I'm not sure what happened, but modelling with WATSUN was a complete waste of time for me.

Our solar fraction is probably in the range of 60%-70%.

The Mill Creek NetZero Home (MCNZH) will collect solar energy in three different ways: using passive solar design, using photovoltaic (PV) modules, and using solar hot water (SHW) collectors. The SHW collectors are the ones that heat water - they are the black ones at the top of the above picture.

According to a recent article in Home Power magazine (Oct/Nov 2008, p.40), SHW collector efficiency is 50%-70%. That's pretty good when you consider that the best PV module is about 17% efficient.

I've been contemplating the design of the MCNZH's SHW system for months now. The pieces started to fall into place once the federal government released a crucial tool: The  WATSUN 2008 SHW System Simulator.

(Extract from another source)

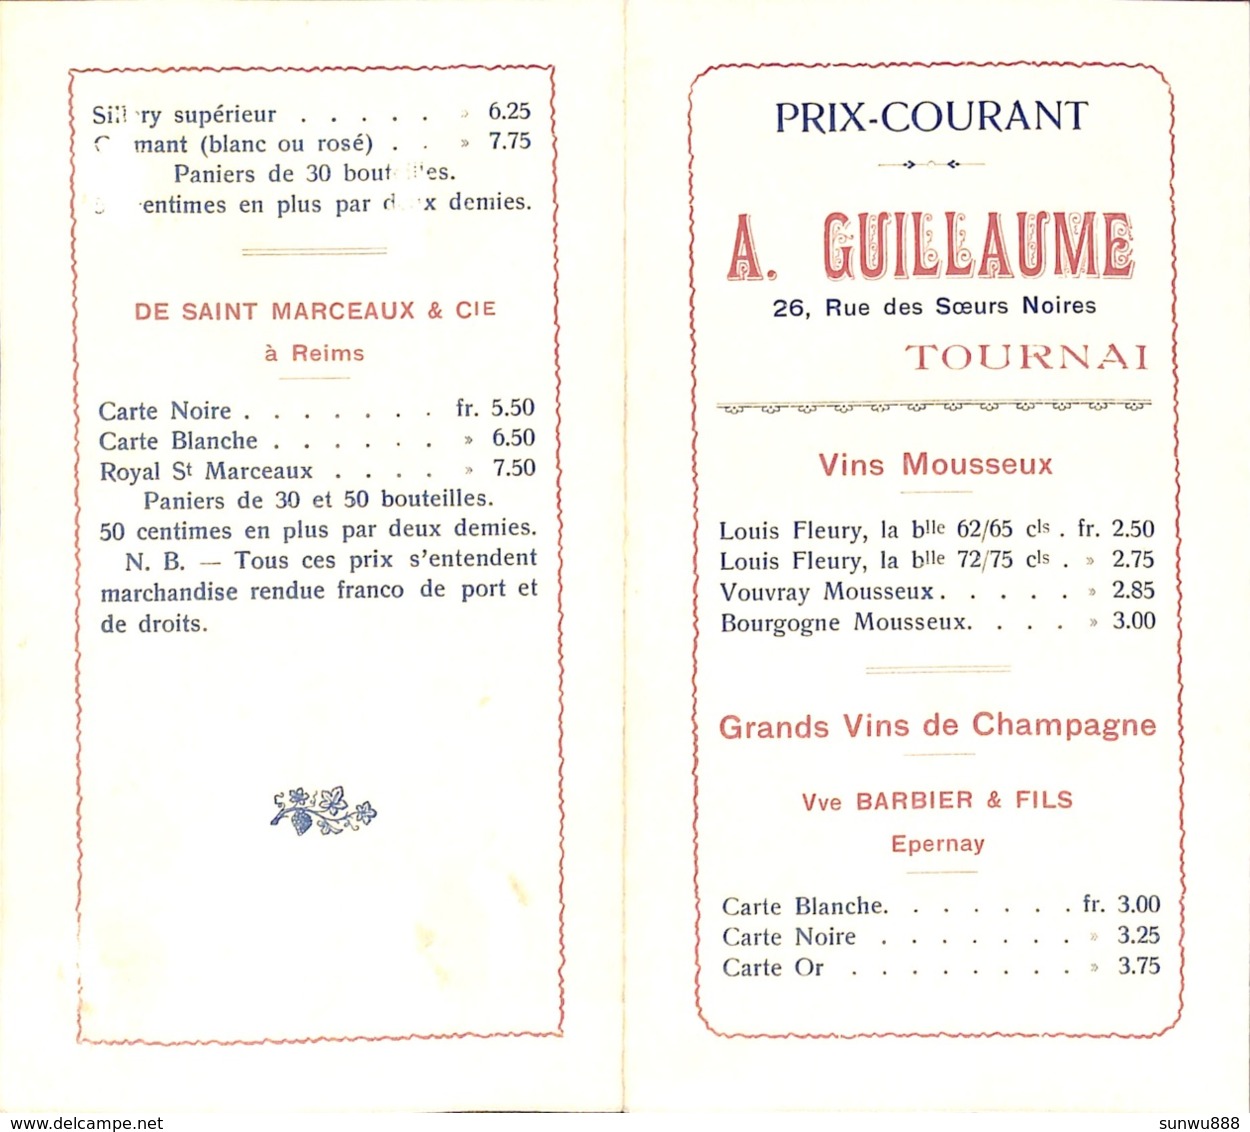 Prix-Courant A. Guillaume Tournai - Vins Mousseux, Champagne Epernay, Crémant... - Levensmiddelen

Computer Modeling - WATSUN 2008

The ability to model real-life systems with computer software has widespread application in every area of technology. In residential home building, though, I suspect that it's given short thrift. In my experience, rules of thumb and "what worked last time" are what steer the boat when designing residential homes. I prefer to trust in reliable, time-tested computer code more than gut feelings.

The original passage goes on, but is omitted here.